First recovery of the RAPID array’s novel biogeochemical component

A post by Pete Brown

As well as playing a fundamental role in the northwards transport of heat, the North Atlantic is also a key part of the global carbon cycle. Of all the extra carbon dioxide (CO2) that has been added to the atmosphere by human activities (fossil fuel burning, land-use change, concrete production etc) over the last 300 years or so, about a quarter has been and continues to be absorbed by the oceans, greatly reducing the speed at which atmospheric CO2 concentrations increase, and the rate at which their associated climate-related impacts develop.

Within this, the North Atlantic is the most effective global ocean location for CO2 absorption. Both the cooling of poleward-moving surface waters and intense biological activity act in concert to greatly reduce carbon dioxide concentrations in the shallowest water depths. To make up this deficit, CO2 is then absorbed from the atmosphere, with human-derived carbon being absorbed at the same time.

Strong biological activity (also ‘Net Primary Production’) in the North Atlantic leads to a large reduction in surface carbon levels, and a strong of uptake of CO2 from the atmosphere occurs to counter this.

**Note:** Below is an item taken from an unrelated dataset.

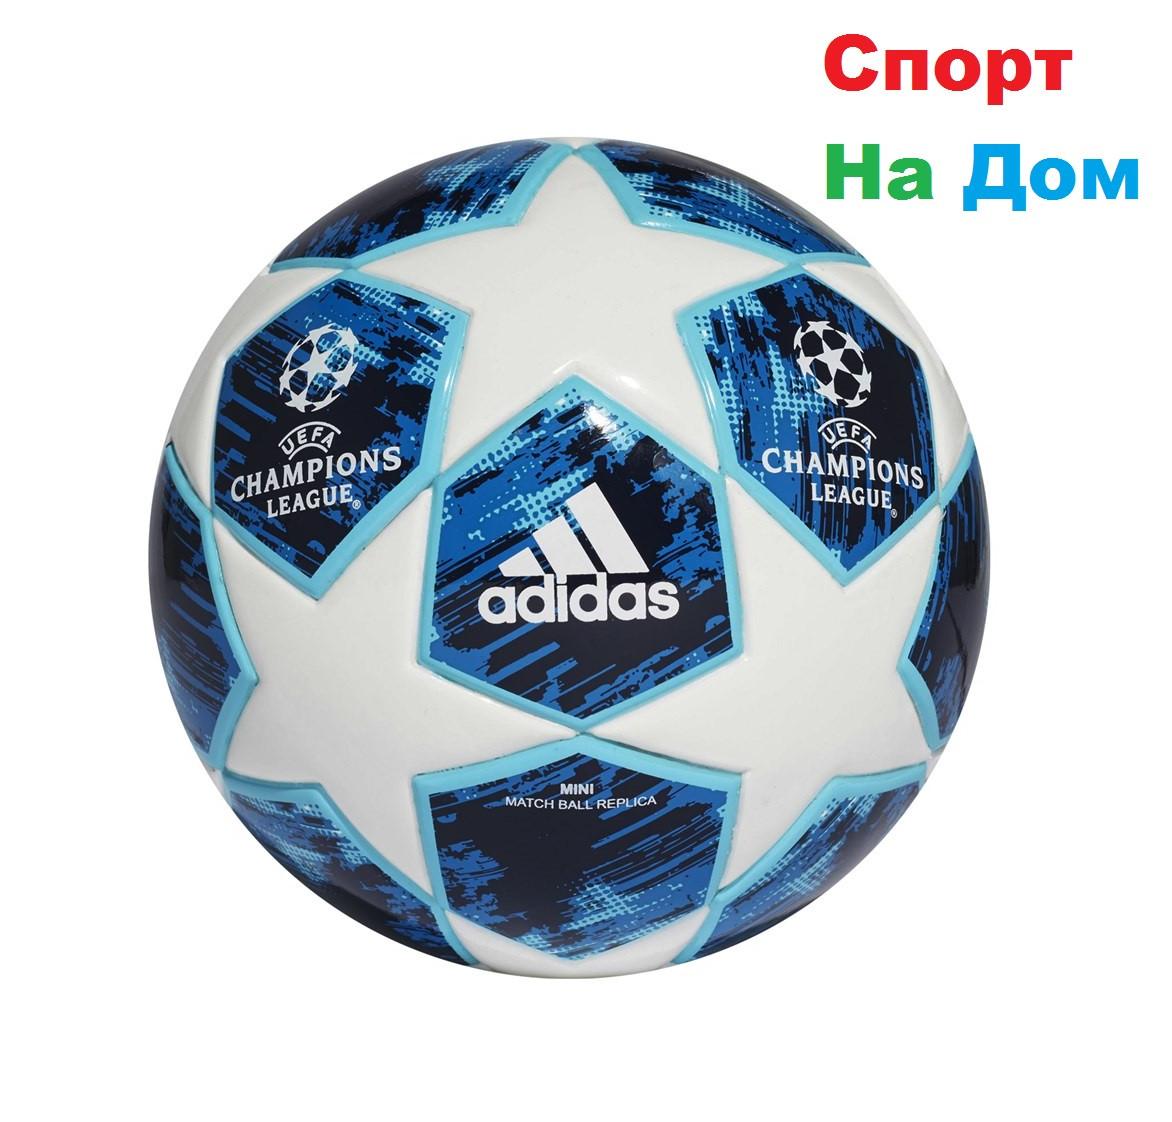 Футбольный мяч Адидас УЕФА Лига Чемпионов 2019

Our current understanding of the magnitude of the air-sea CO2 flux in the North Atlantic (for instance, that it absorbs as much carbon each year as the total emissions of Japan and Germany combined) is derived mainly from sensors on board volunteer observing ships (such as ferries or container ships). While these do a good job at estimating the integrated annual signal, the sporadic nature of the observations they make (both in time and location) mean that much less is known about the processes that cause the flux to vary from week-to-week, month-to-month and year-to-year.


It is thought that a large part of this variability is driven by the ocean, with its transport of carbon affecting the surface ocean-atmosphere concentration gradient and storage of anthropogenic carbon, and its transport of nutrients fuelling biology activity. But transport estimates are currently restricted to only every 5 to 6 years, when transatlantic research cruises undertake full surveys of deep-ocean physics and chemistry across 24.5°N.


In order to better predict how the North Atlantic carbon sink will respond in the future to a changing climate (and thus its ability to and continue mitigate further atmospheric CO2 increases), we need to improve our understanding of the processes and drivers of the air-sea flux of CO2. In particular, the transport and carbon and nutrients into the region, and the effects they have on export production and the accumulation of anthropogenic carbon. For this we need new observations at a much higher frequency. About 16 months ago, biogeochemical sensors and autonomous water samplers were deployed across the RAPID mooring array for the first time to help meet this need. And on this trip, we’re collecting our first data from them.

In sunnier times: temperature, salinity, pressure and oxygen sensors being attached to the mooring wire

Autonomous sampler and suite of sensors in the frame below being recovered from the Eastern Subtropical North Atlantic in March 2017.

 

As part of the Atlantic BiogeoChemical Fluxes program (www.rapid.ac.uk/abc), oxygen, pH and pCO₂ sensors were installed alongside autonomous samplers collecting water to be analysed for dissolved inorganic carbon, total alkalinity, inorganic nutrients (phosphate, nitrate and silicate) and organic nitrate. We’ve now collected samplers and sensors from two of the four locations where they were deployed, and installed replacements to make additional observations until Autumn 2018. Over the coming weeks and months, this fantastic new data set for the region will be analysed and investigated, numbers crunched and calculations made.

Combined pH, oxygen, temperature, salinity and pressure sensor recovered from 50m depth in March 2017.

 

Increasing the temporal resolution of observations across the subtropical gyre from once every 5-6 years to once every 4 to 24 hours (for the sensors) or 11 days (for the samplers) will allow us to massively increase our understanding of the variability of processes involved in ocean-atmosphere interaction in these locations. We’ll then combine this novel biogeochemical data with the estimates of water transport and the AMOC from the RAPID array, to investigate the transport of carbon and nutrients by the ocean at equally high frequency (approximately every 10 days). From here we’ll be able to look much more closely at the role of the North Atlantic in mitigating future atmospheric CO₂ increases. Onwards and upwards!

Locations of the RAPID moorings, and those with novel biogeochemical samplers / sensors being recovered for the first time this year.